Mycosis fungoides (MF) is the most common type of primary cutaneous T-cell lymphoma. Most patients have an infiltration of small to medium size mature helper CD4 T cells with cerebriform nuclei; a few patients have an infiltration of cytotoxic CD8 T cells. MF often starts as an unspecific erythema (patch phase) similar to many inflammatory skin diseases. Progression from patch phase to plaque and tumor phase often takes many years. The diagnosis of MF depends on a combination of clinical and pathologic examination. However, early MF (patch phase) pathology is unspecific and may simulate a variety of benign inflammatory skin diseases, such as chronic eczema, neurodermatitis, and lichen planus. Due to a lack of specific clinicopathologic presentation, the early diagnosis of MF is a great challenge.

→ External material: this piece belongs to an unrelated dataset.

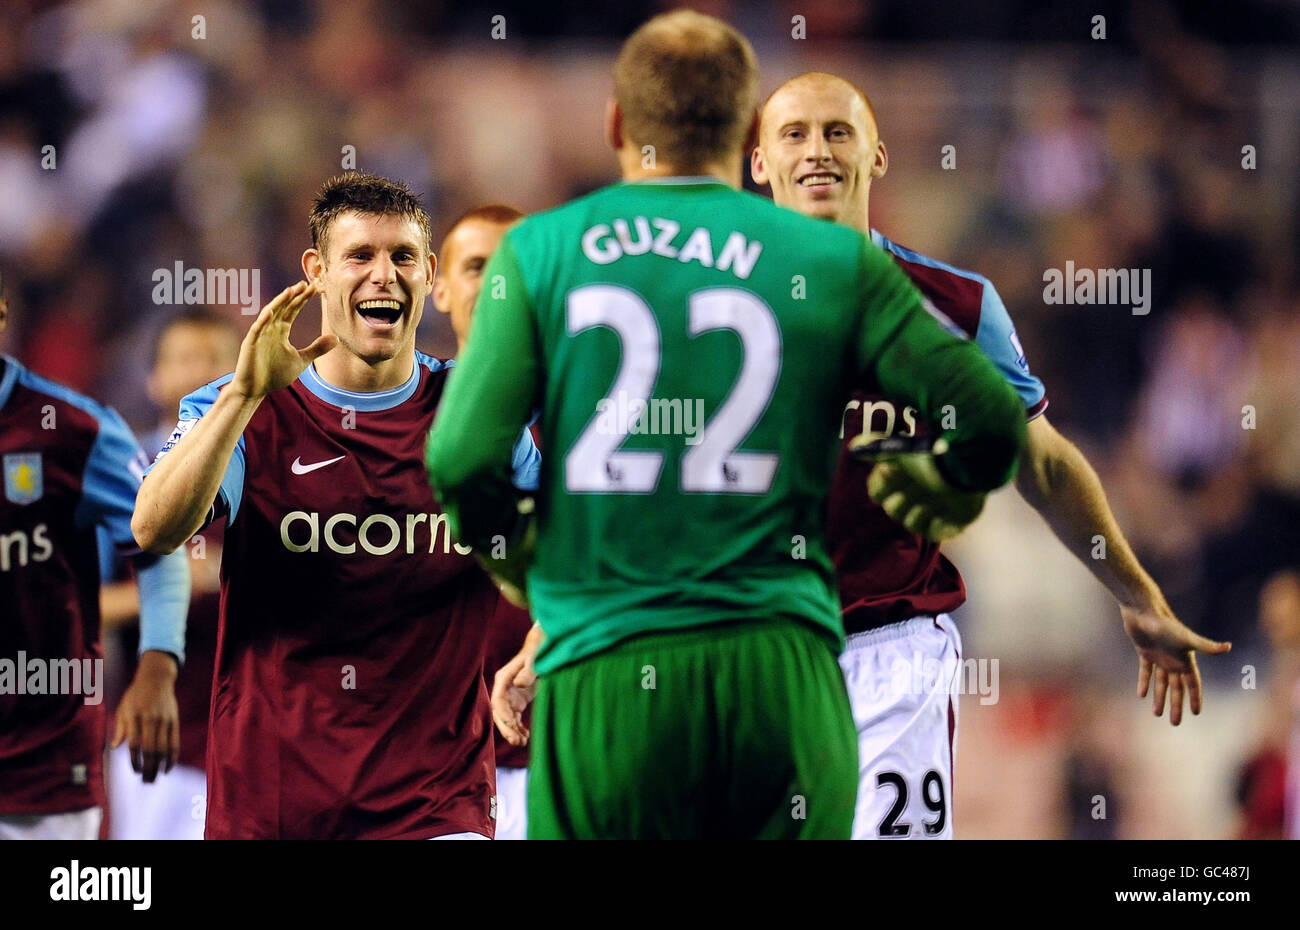 Aston Villa's James Milner (left) and Danny Collins (right) congratulate goalkeeper Brad Guzan after their victory in the penalty shootout against Sunderland during the Carling Cup match at the Stadium of Light, Sunderland. Stock Photo

During the differentiation of stem cells to T cells, non-transcriptional gene fragments are rearranged into a complete gene in a process catalyzed by DNA recombinase. The new gene gains transcriptional activity, expressing antigen-specific receptor as T cells continue differentiating. In contrast, if gene rearrangement fails, cells undergo apoptosis. This process is termed T-cell receptor (TCR) gene rearrangement. Polyclonal rearrangement happens during normal T-cell development. However, all hematopoietic and lymphoid tumor cells share the same TCR gene rearrangement, namely monoclonal rearrangement. Accordingly, by using Southern blot and polymerase chain reaction (PCR), researchers analyze clonality by detecting TCR gene rearrangement of T cells in skin lesions. Previous gene rearrangement studies have relied heavily on Southern blot analysis. However, PCR has several advantages (simple technique, short cycle, no radioactive contamination, compatible with paraffin-embedded tissue samples, and high detection rate) and has been widely used in clinical and experimental detection to replace Southern blot analysis.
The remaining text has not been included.